Return the complete listing exactly as it reads, with each picture removed.

* [Data section]

BEGIN

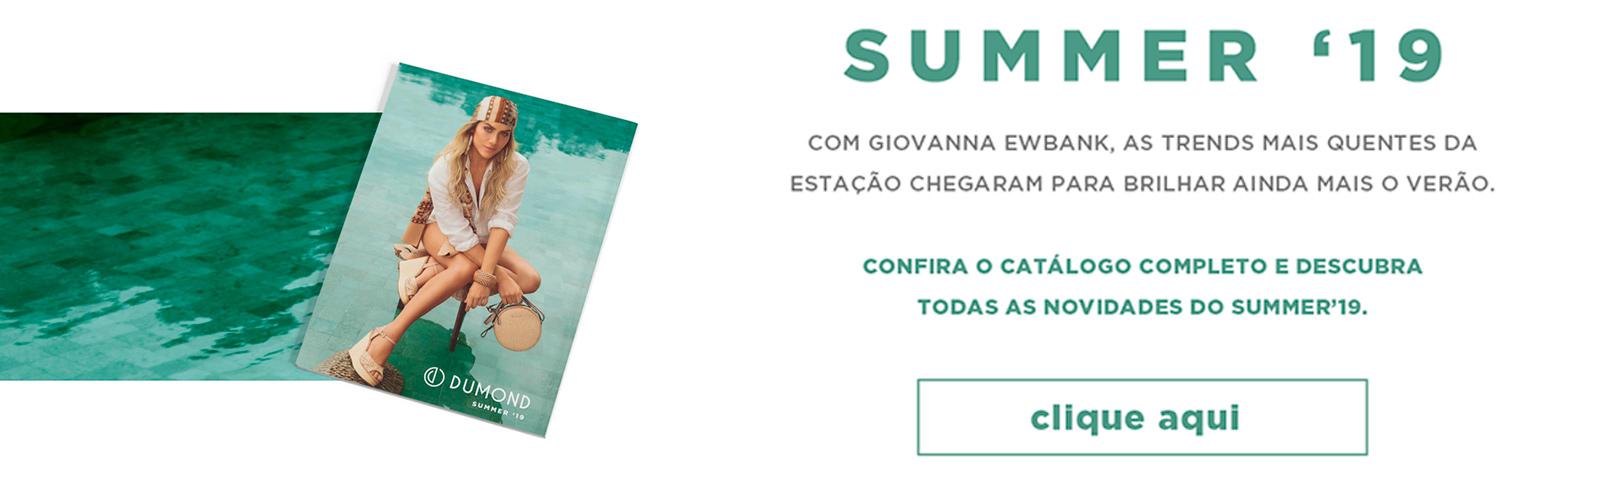 Summer '19 Dumond, conheça as novidades!
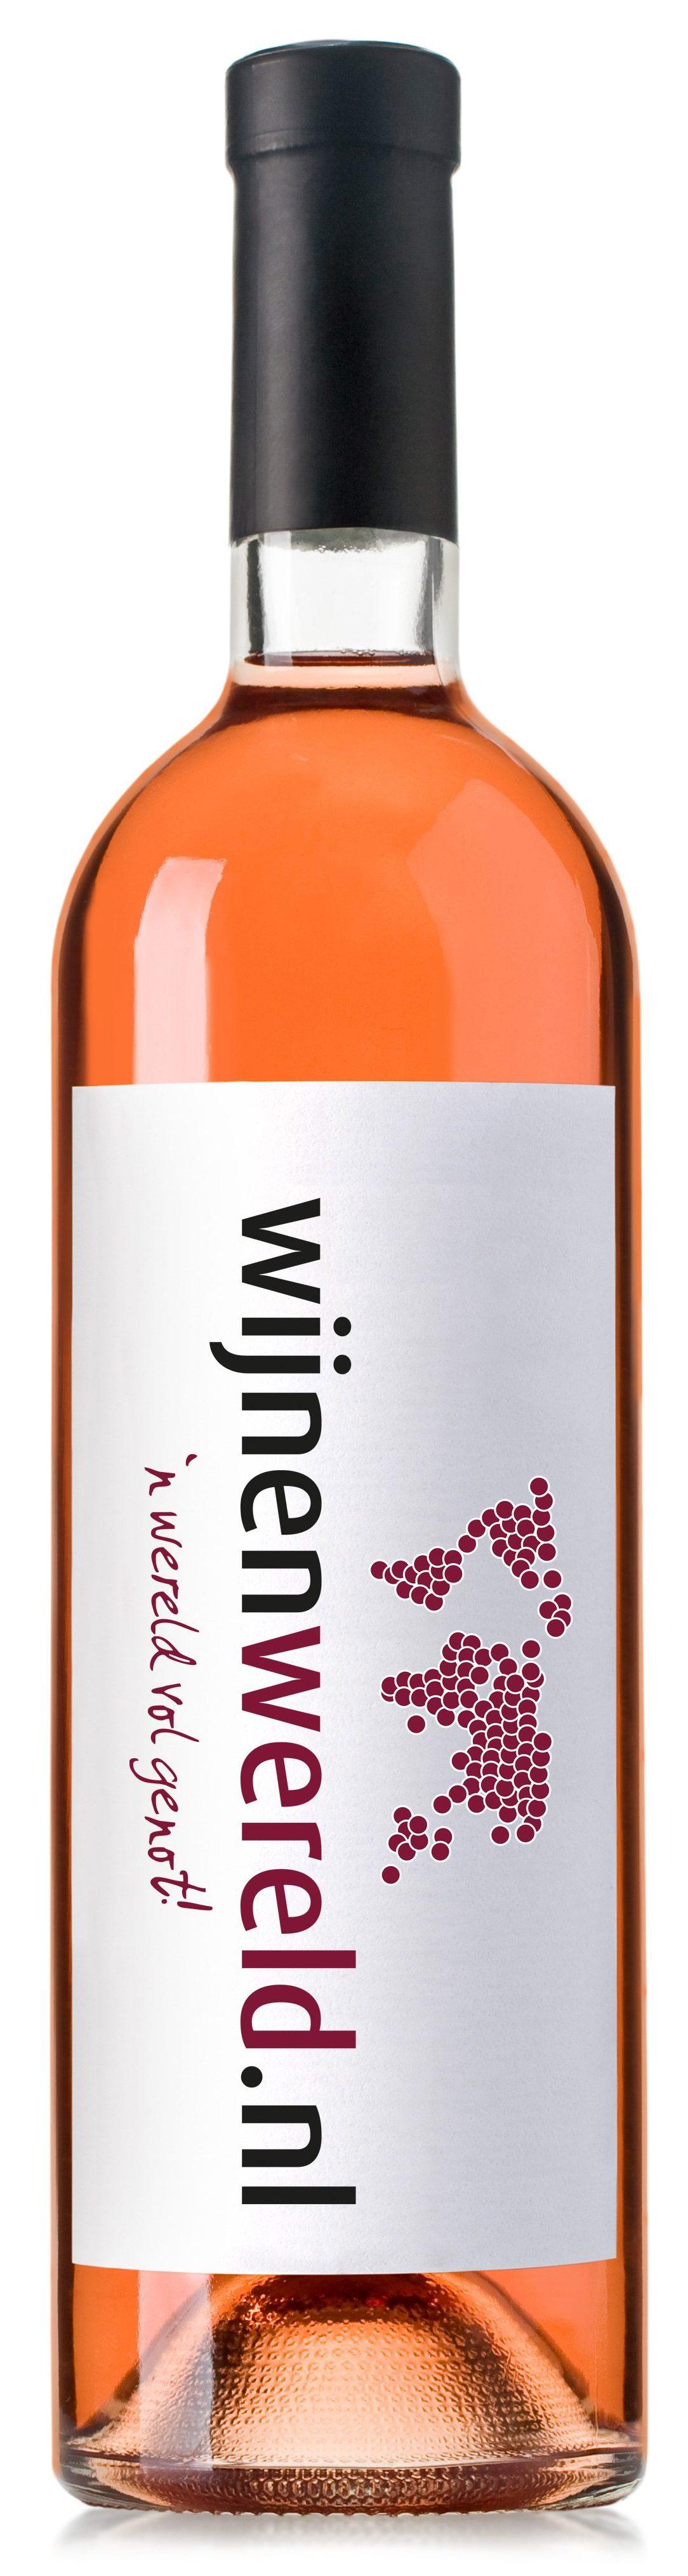 Geen afbeelding rose wijn
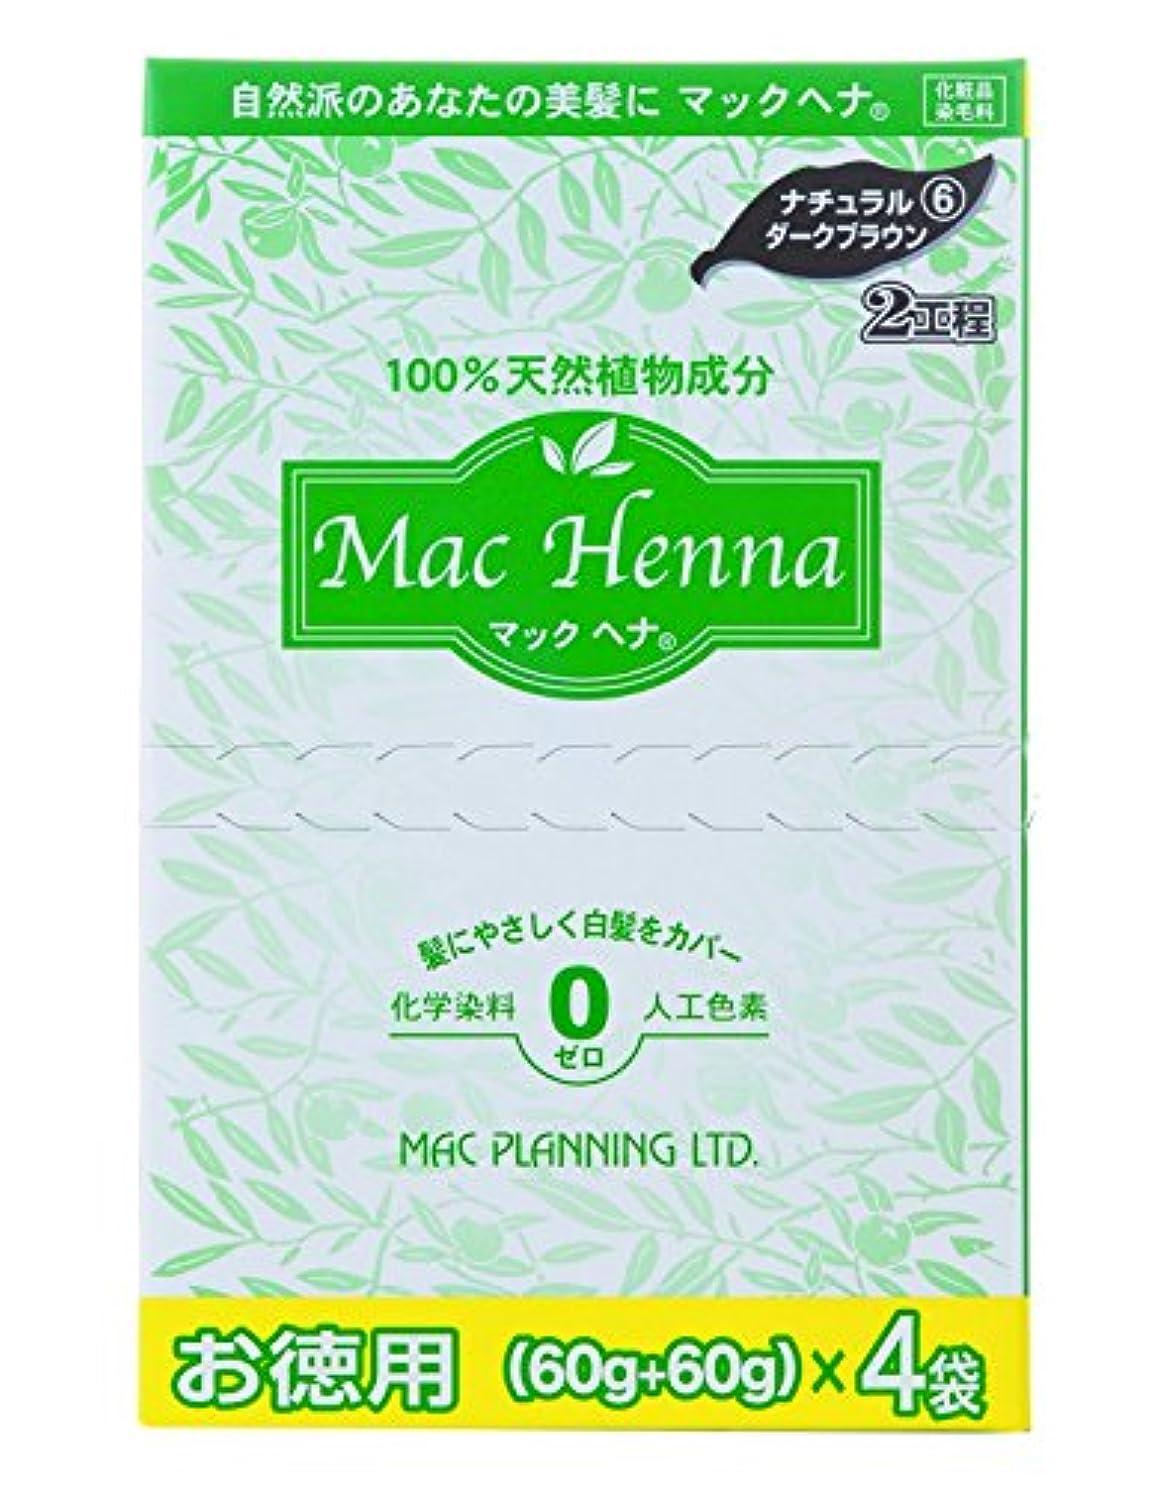 位置する優勢これまでマックヘナ お徳用 ナチュラルダークブラウン480g ヘナ白髪用カラー
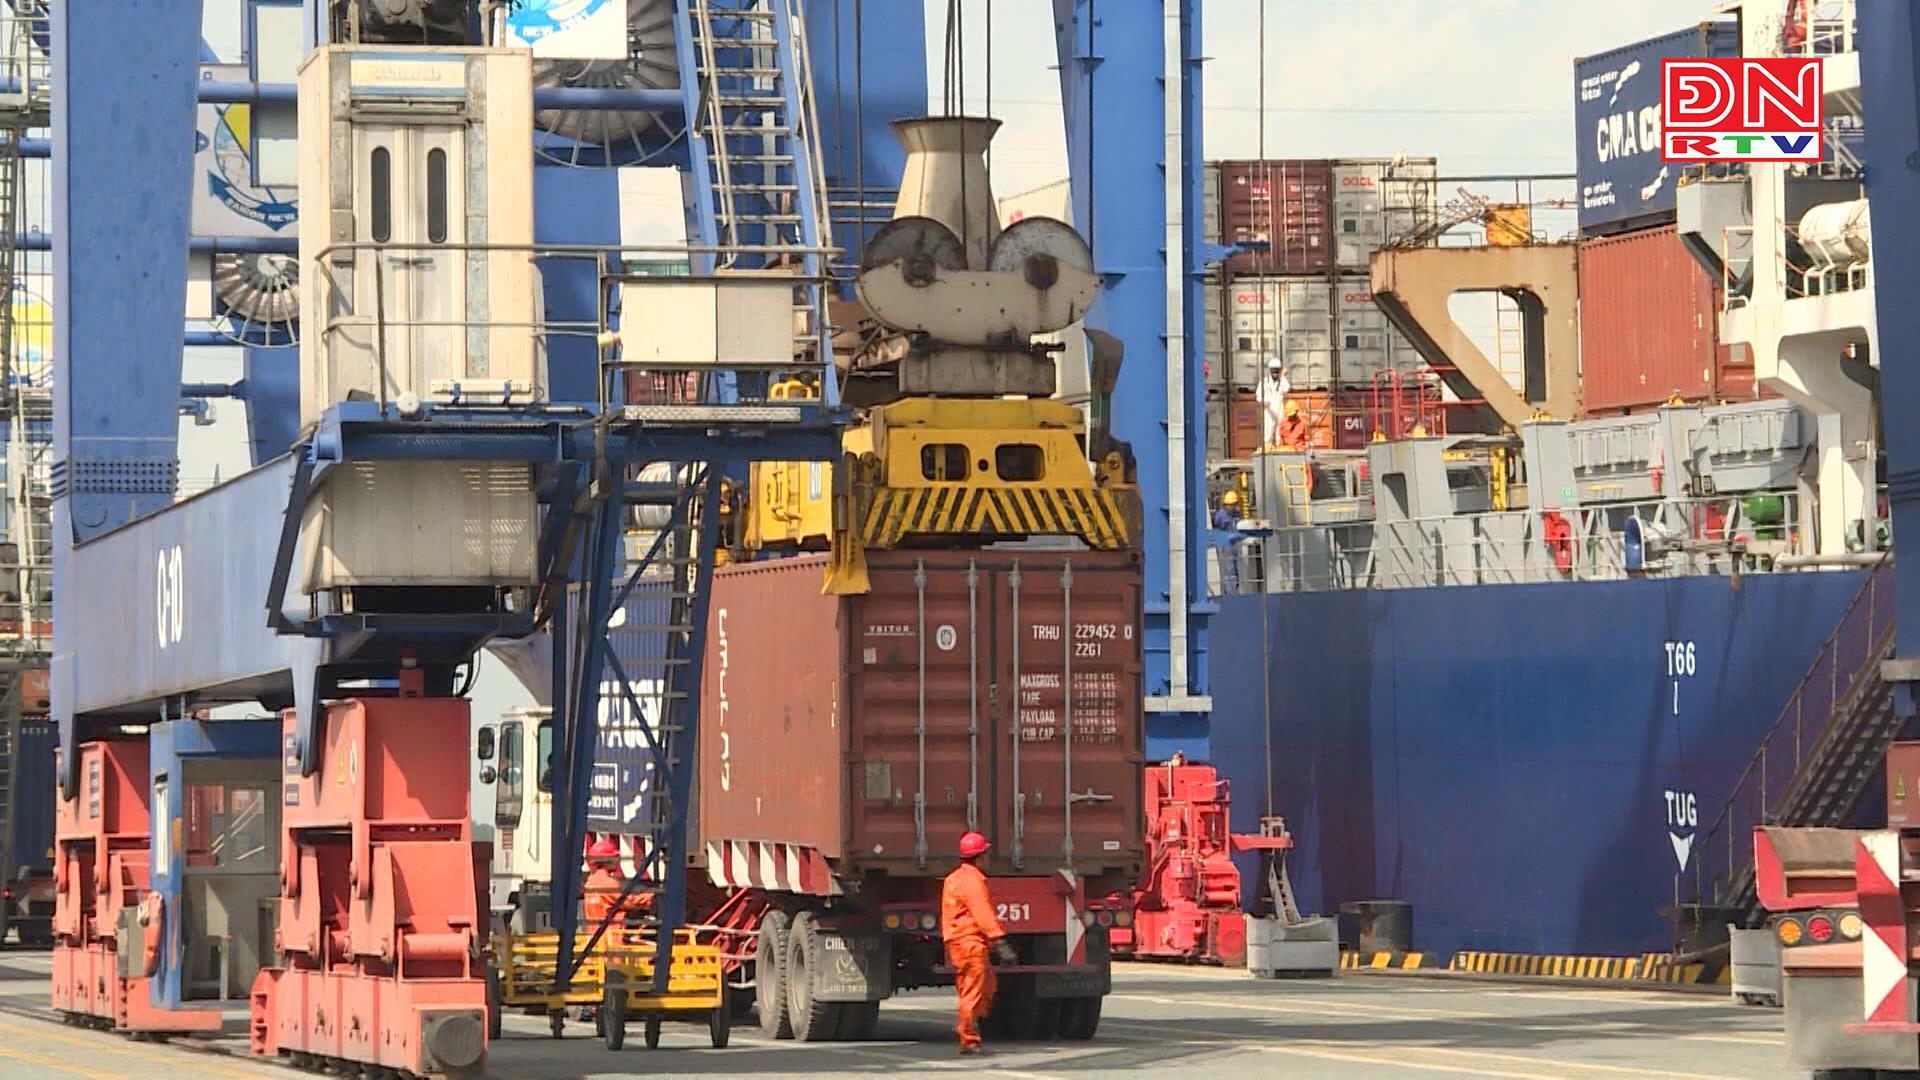 Nhật Bản là đối tác kinh tế hàng đầu ở Việt Nam

END

* [Answer area]
 Summer '19 Dumond, conheça as novidades!
 Geen afbeelding rose wijn
 位置する優勢これまでマックヘナ お徳用 ナチュラルダークブラウン480g ヘナ白髪用カラー
 Nhật Bản là đối tác kinh tế hàng đầu ở Việt Nam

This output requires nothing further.